Getting Started: Querying Data Quality Report¶
This guide will help you learn how to use the StreamSets operators for data quality tagging and then query a data quality report.
Prerequisites¶
You have applied for the Stream Data Processing resource and Time Series Database resource through Resource Management.
You have permission to access the Data Quality module and the StreamSets feature of the Stream Data Processing module.
The devices are connected and sending data to EnOS Cloud.
Goals and Data Preparation¶
Goal
The goal of this guide is to quality tag the AI type measurement point test_raw, and query the quality report of this measurement point.
Data Preparation
Model configuration: The model used in this guide (testModel) is configured as follows.
Feature Type |
Name |
Identifier |
Point Type |
Data Type |
---|---|---|---|---|
Measurement Point |
test_raw |
test_raw |
AI |
double |
Measurement Point |
test_raw_filter |
test_raw_filter |
AI |
double |
Measurement Point |
test_raw_dq |
test_raw_dq |
AI |
double |
Note
The test_raw measurement point is for ingesting raw data, the test_raw_filter measurement point is for receiving the data that is filtered by the specified threshold, and the test_raw_dq measurement point is for receiving the output of the raw data being processed by the stream processing engine with data quality tags.
Ensure that the both the input point and output point are of AI type.
Data connection: See Device Connection to complete the data ingestion for the test_raw measurement point.
Procedure¶
The steps for data quality tagging and generating quality reports are as follows.
Create and develop a stream processing job to quality tag the raw data.
Save, publish, and start the stream processing job.
View the data quality report.
Step 1: Create and develop a stream processing job to quality tag the raw data.¶
Download the StreamSets pipeline configuration template from https://support.envisioniot.com/docs/data-asset/en/2.1.0/_static/streamsets_pipeline_demo.json (right click the link and save the
streamsets_pipeline_demo.json
file to a local directory).Go to EnOS Management Console > Stream Processing > StreamSets, click the triangle beside the Create New Pipeline button, and select Import Pipeline.
On the Import Pipeline window, enter a pipeline title and description, click Browse …, navigate to and select the configuration template file, and click Import.
Enter the editor and use the following StreamSets operators to edit the stream data processing job.
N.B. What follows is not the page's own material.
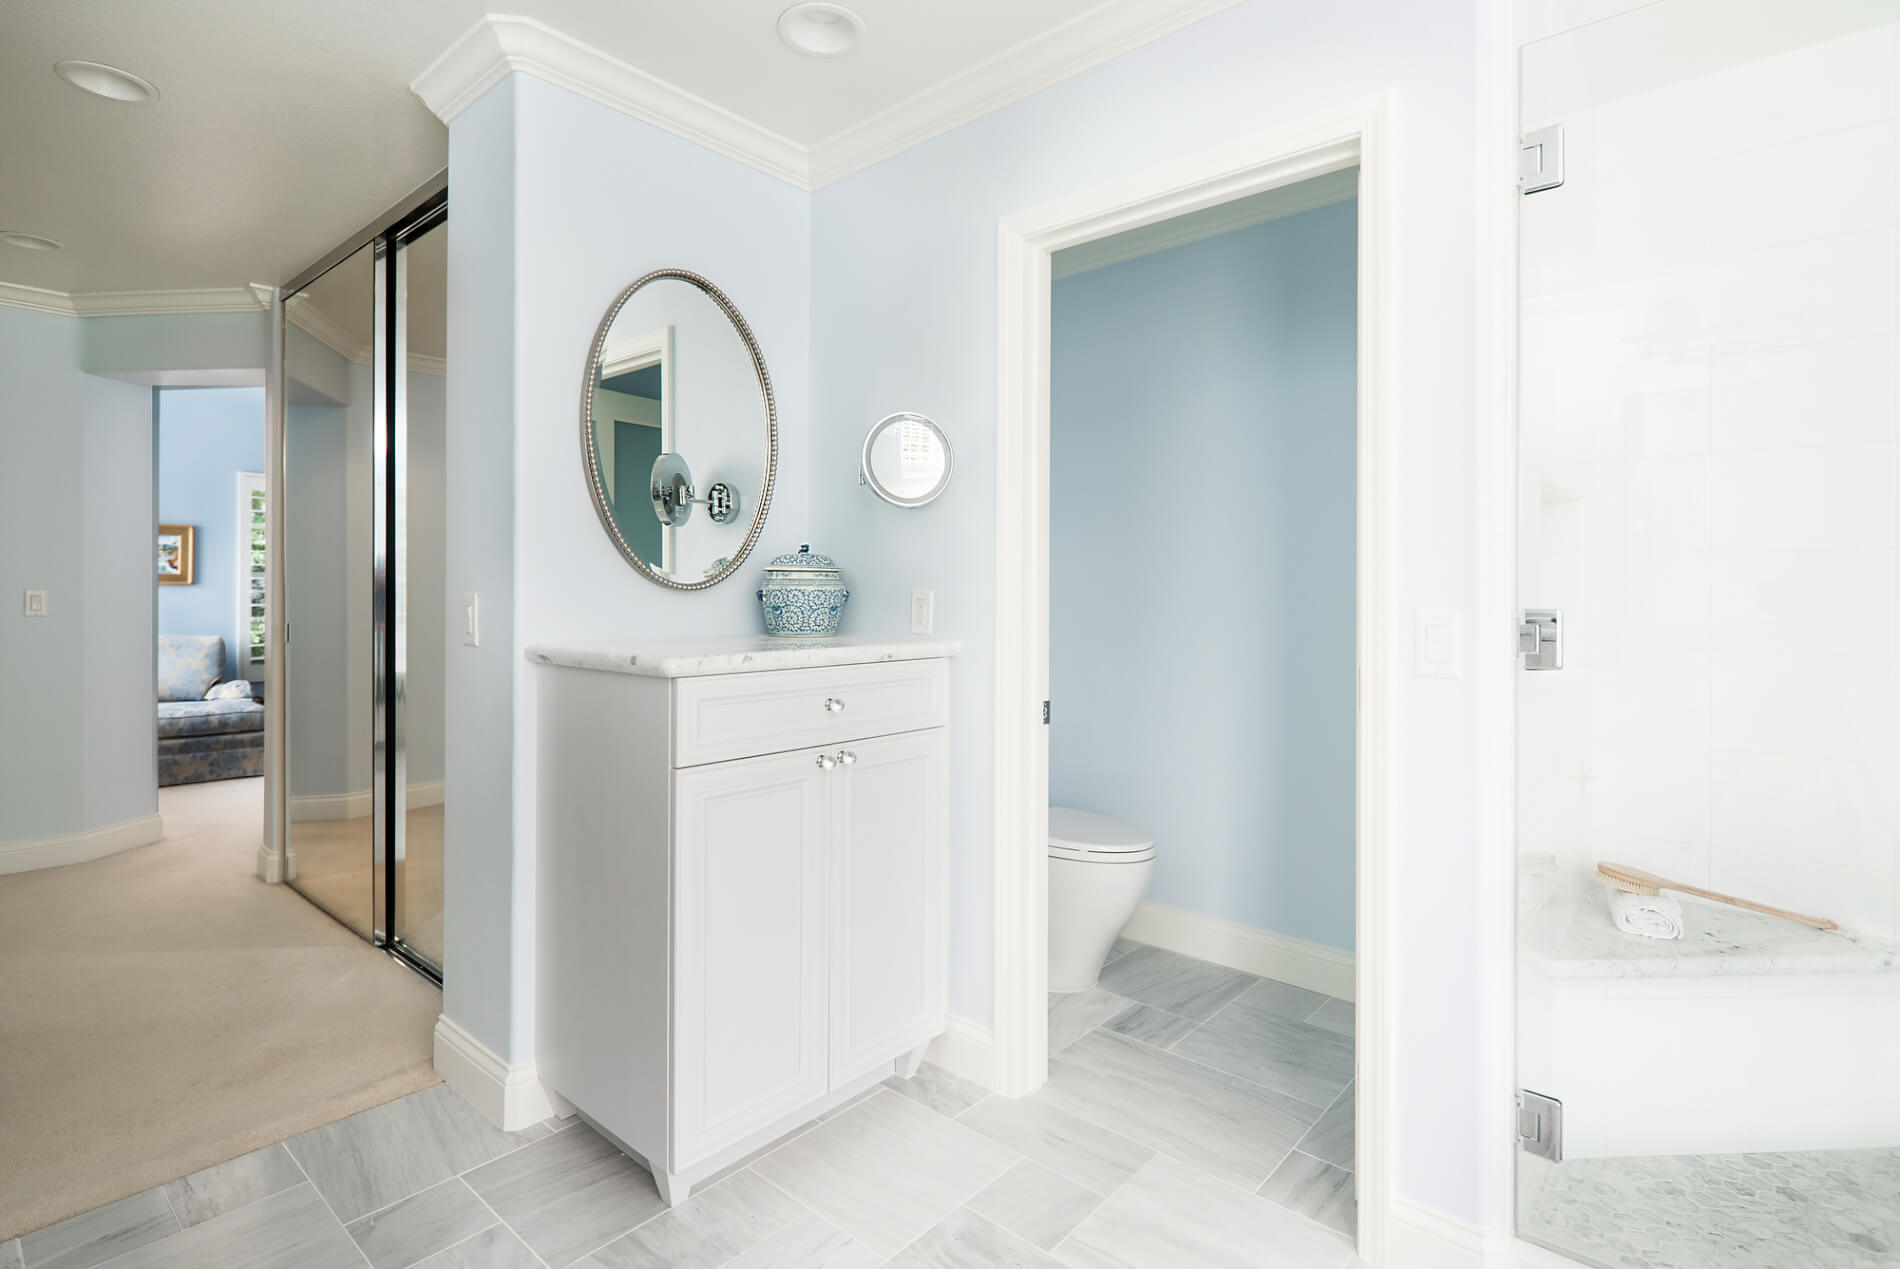 Full Bathroom Remodel, Home Construction Companies, Bathroom Contractors
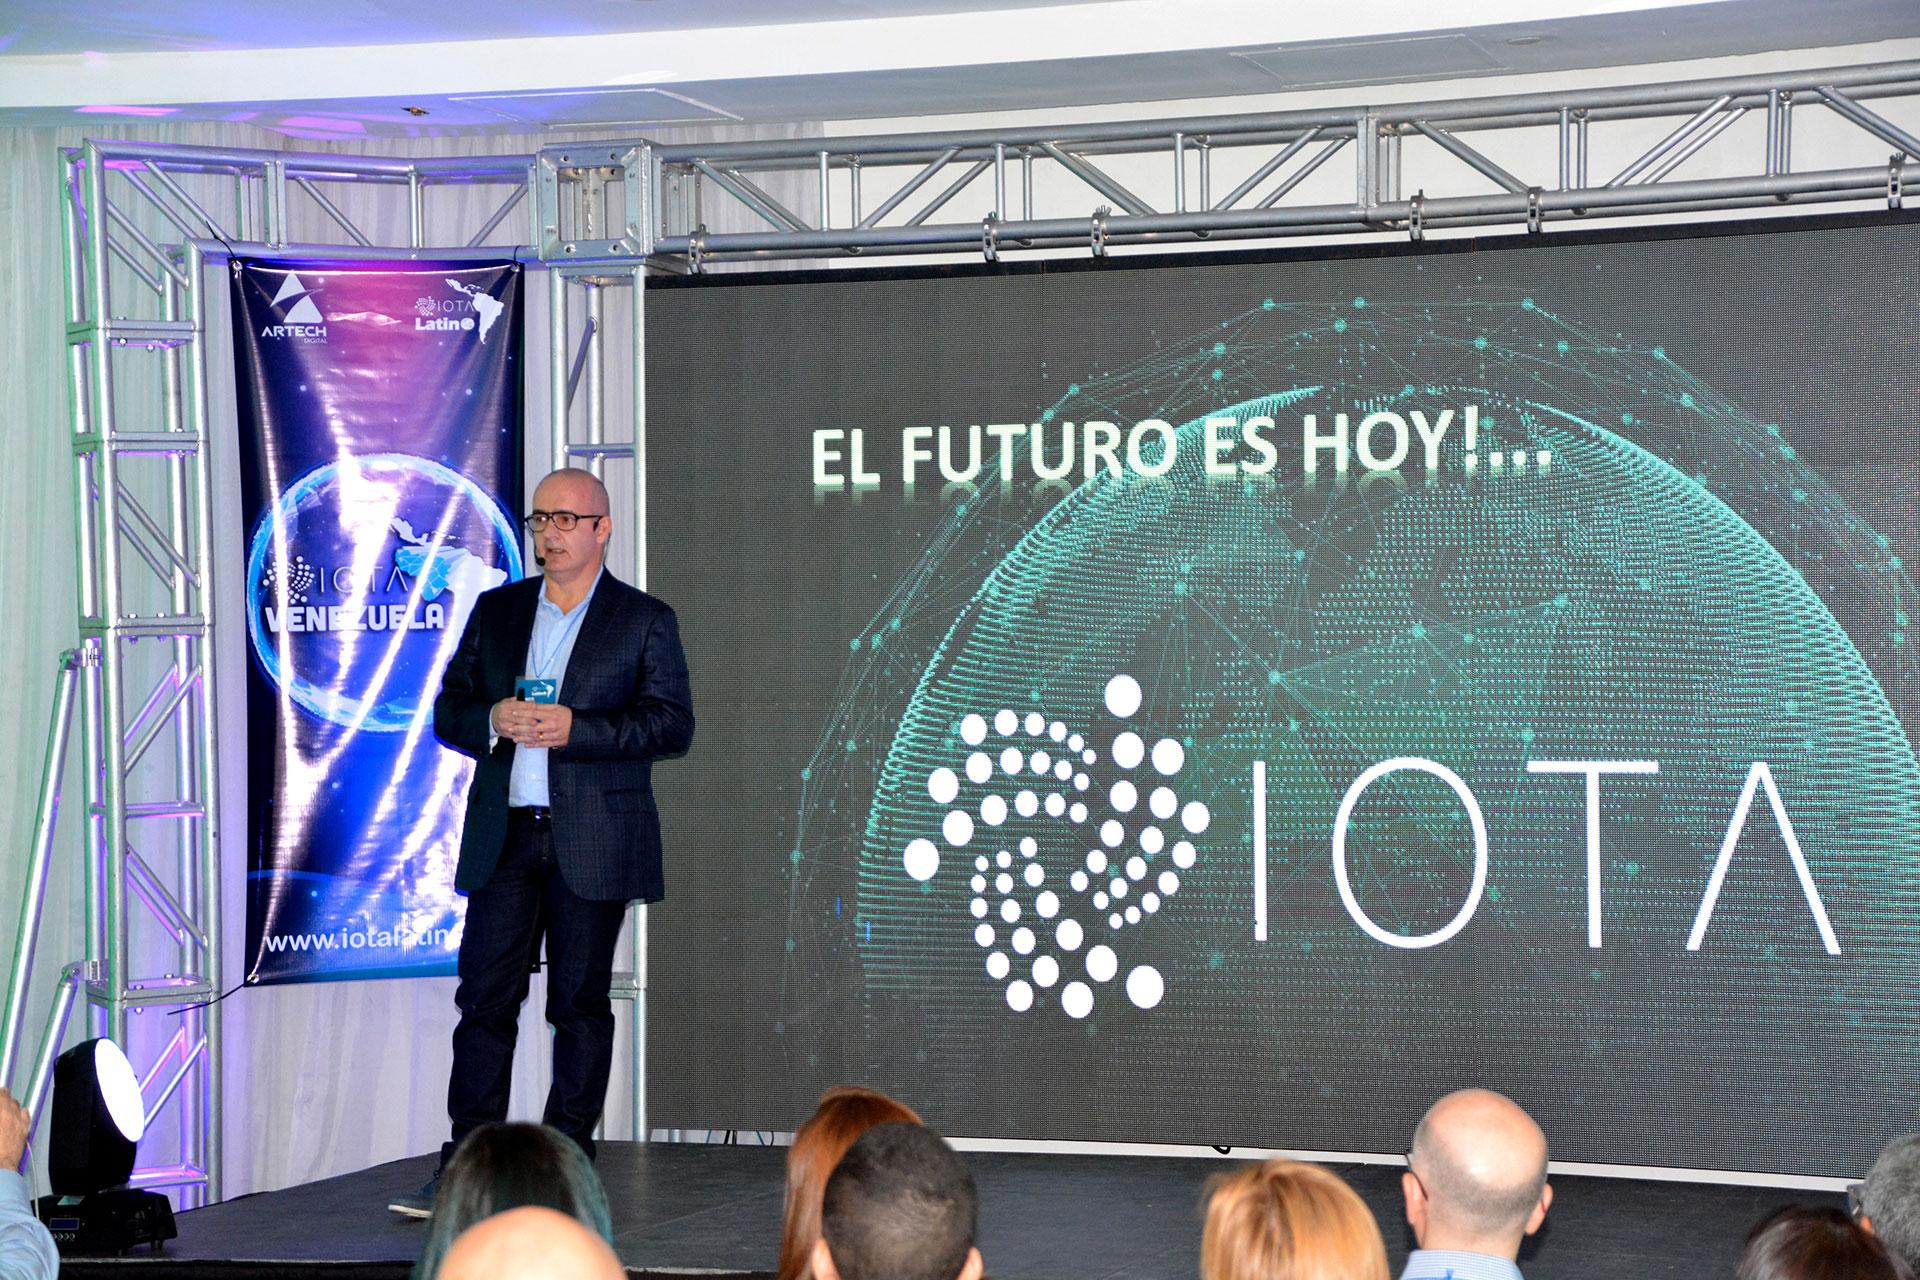 primer meetup de IOTA en Venezuela - Saul Ameliach - 8

Configuration of the Stages are as follows:
No. |
StreamSets Stage |
Parameter Configuration |
Description |
---|---|---|---|
1 |
Data Source |
|
Configure the data source. |
2 |
Point Selector |
Select Policy: testModel::test_raw |
Select the measurement point to be processed by the stream data processing job. |
3 |
MinMax Outlier |
|
Configure the threshold rules for the raw data: the threshold values for the input point is (0, 90.00), and the output point is test_raw_filter. |
4 |
Window Aggregator |
|
Configure the window aggregation rules: the window type is fixed window, the window size is set as 2 min, the latency is set as 0, and the aggregation algorithm is set as avg. |
5 |
Data Distination |
|
Configure the data output. |
The figure below shows the configuration of the stream data processing job:
Step 2: Save, publish, and start the stream processing job¶
After configuring the stream data processing job, click the Start icon to start the job. To view the job running status, return to the job list page.
Step 3: View the data quality report¶
Go to the EnOS Management Console > Data Quality module and enter the query conditions (Model: testModel; Measuring points: test_raw_filter and test_raw_dq) to query the data quality report of the measurement points. For details of viewing the data quality report, see Viewing the Data Quality Report.